Criei este blog enquanto instrumento de aproximação às cidadãs e aos cidadãos. É um conceito simples que visa partilhar os percursos, o trabalho e a visão das coisas de uma mulher, cidadã, politicamente comprometida no exercício da sua primeira experiência parlamentar e conhecer as opiniões e sugestões de quem me contacta, por exemplo, as suas.

A José Nascimento e António Barbosa agradeço respectivamente, a fotografia e a música.

Violência Doméstica - As Mulheres

Mulheres em cativeiro


Existem diferentes formas de cativeiro e nenhuma delas é boa.

Falamos de quê? Do silêncio em que vivem muitas mulheres, prisioneiras em torres de vidro. Cruzamo-nos com elas no supermercado, onde circulam um passo atrás do carrinho de compras empurrado por maridos que decidem o que entra em casa, inclusive o que a família come ou não come. No emprego a coisa é ainda mais difícil de reconhecer, para uma mulher é mais fácil justificar uma noite de violência psicológica ou física, uma enxaqueca ou uma queda azarada.

As coisas acontecem e nós não nos damos conta. A mulher acaba por viver fechada em si própria, a discrição dos seus movimentos (justificada pela vergonha e pelo medo) faz com que ninguém se aperceba do cativeiro em que vive. No entanto, ela está ali, na fila para a caixa do supermercado, sentada na secretária ao nosso lado ou na imagem refletida no espelho à nossa frente. Acontece a mulheres de todas as idades e condições socioeconómicas.   

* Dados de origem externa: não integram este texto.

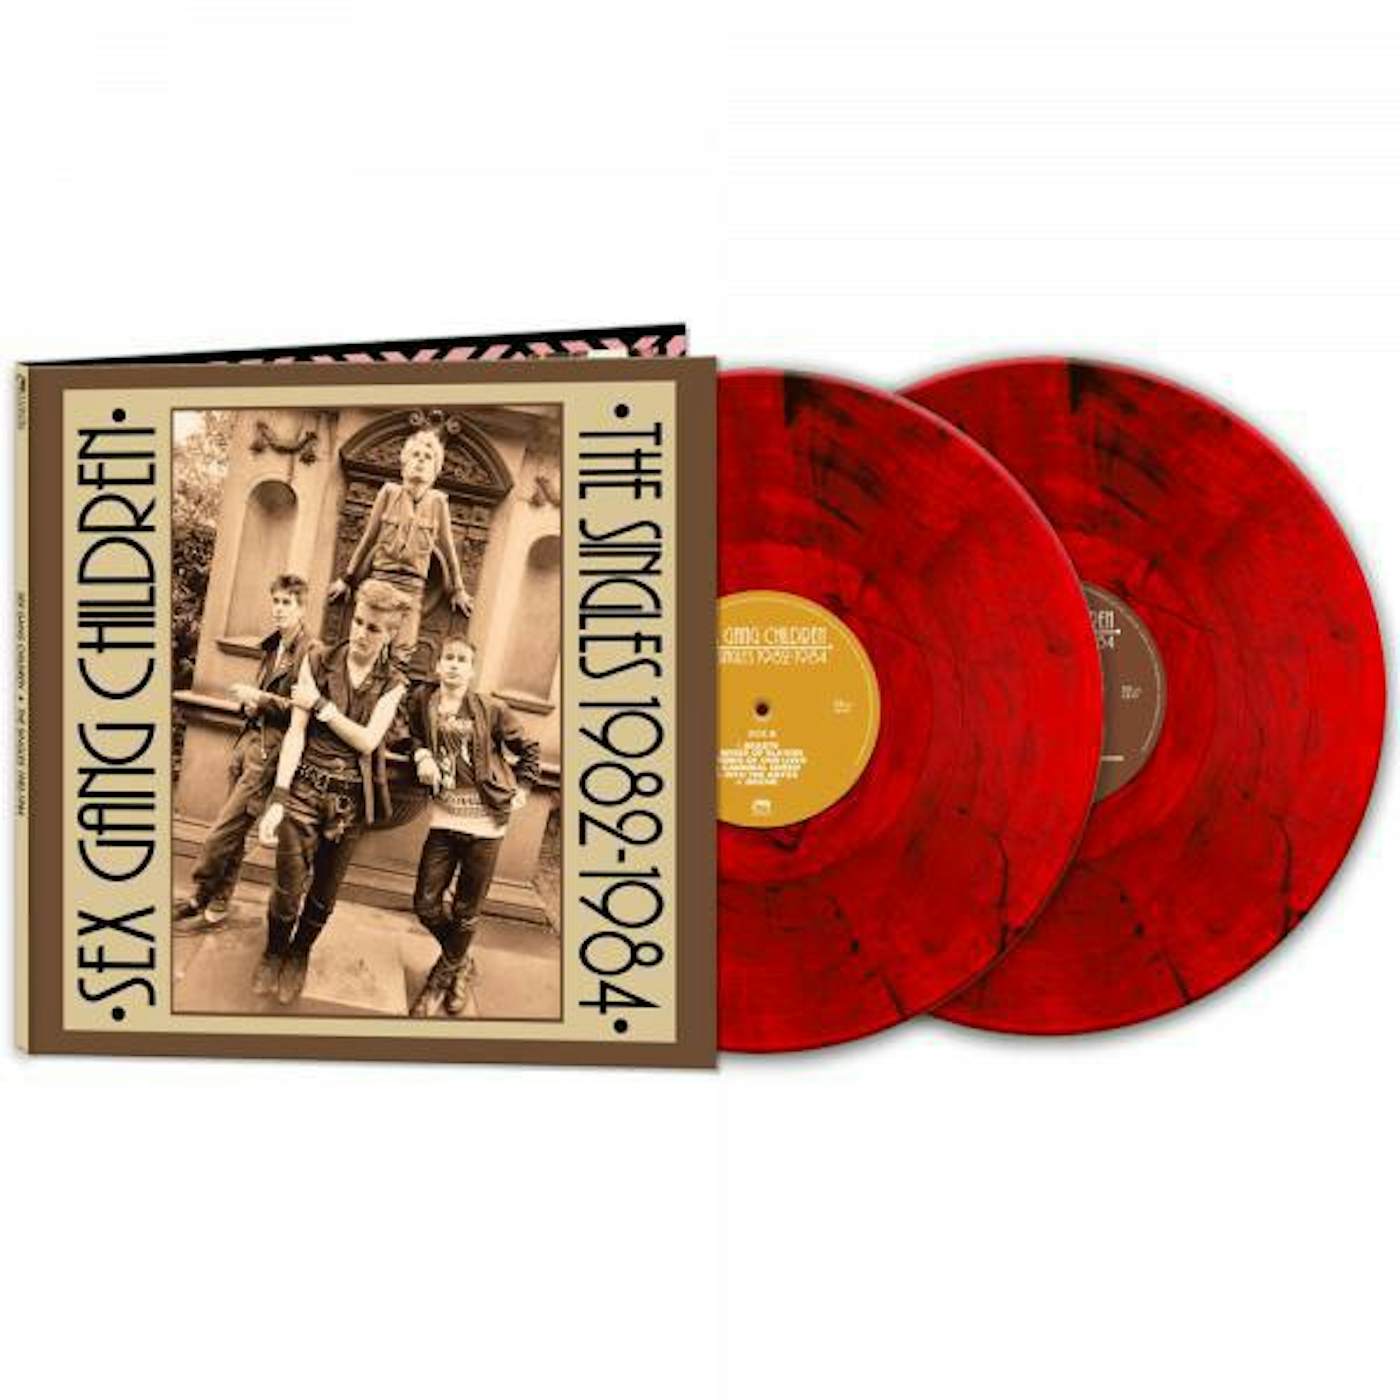 Sex Gang Children Singles 1982-1984 (Red Marble Vinyl Record)

Às vezes tudo começa com um comentário (aparentemente) desinteressado da parte do marido/companheiro, com o objetivo de desvalorizar a mulher e que repetido de forma continua, com diferentes nuances, produz o efeito pretendido: uma baixa autoestima por parte da mulher, tornando-a vulnerável e mais fácil de controlar. A subtileza das atitudes acaba por tornar as coisas confusas e levar a vítima a acreditar que é culpada das reações do agressor, mesmo quando racionalmente sabe que não tem culpa.

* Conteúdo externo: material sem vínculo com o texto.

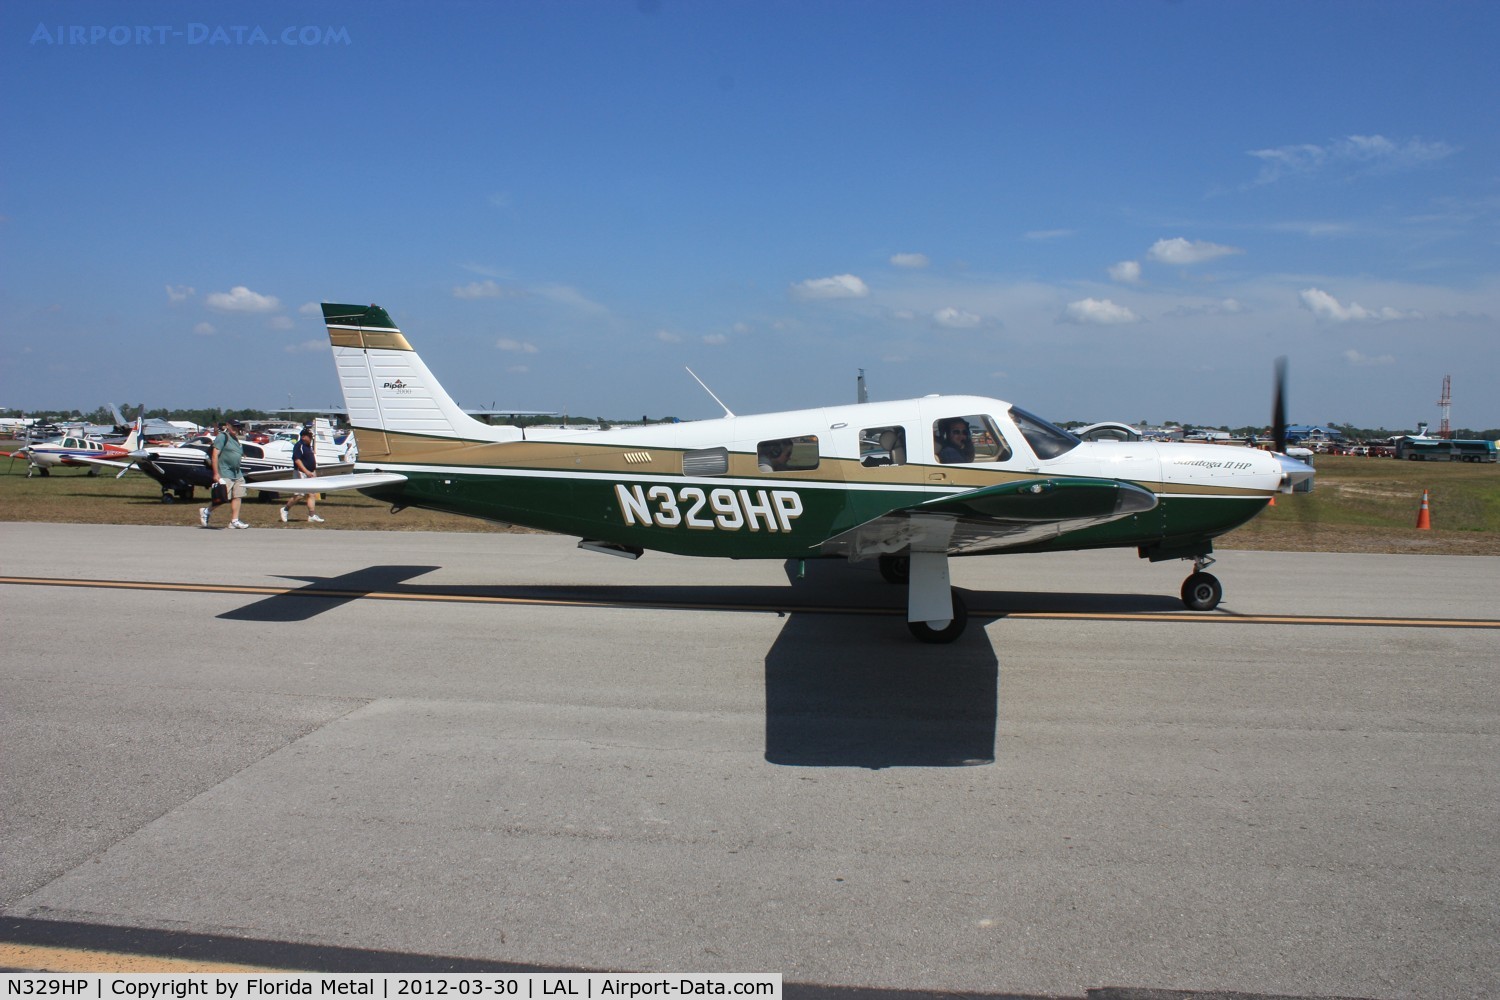 N329HP, 2000 Piper PA-32R-301 C/N 3246166, PA-32R-301

Outras vezes tudo acontece entre um tom de voz grave, às vezes ameaçador, e uma expressão de (quase) ternura. Desta forma cria insegurança no outro que nunca sabe se o seu comportamento merece ser punido ou premiado. A violência é psicológica. A vítima está sempre na expetativa que as coisas mudem. Ainda não perdeu a esperança. Um dia a coisa complica-se. O marido/companheiro bate-lhe. Depois mostra-se arrependido ou não. A sua atitude é justificada com as próprias reações da mulher, com os ciúmes que diz sentir ou com os problemas no trabalho, qualquer razão serve.

Muitas vezes é o fim. Tudo acaba com um suicídio. E raramente se saberá o que o motivou. O cativeiro termina em silêncio, tal como começou e permaneceu durante anos. Outras vezes acaba com um homicídio, resultado de anos de violência ou de uma tentativa de separação, por parte da vítima, que visa pôr termo a um ciclo de sofrimento.

As descrições que fiz são aproximações a uma realidade complexa, policromada, que se esconde na sombra das relações entre as pessoas. E se é verdade que as vítimas de violência doméstica também podem ser homens, na realidade, a esmagadora maioria são mulheres. Enquanto este tormento durar devemos assinalar o Dia Internacional da Mulher, vestidos de preto.

Bem hajam todas as pessoas que respeitam os Direitos Humanos das Mulheres e dos Homens.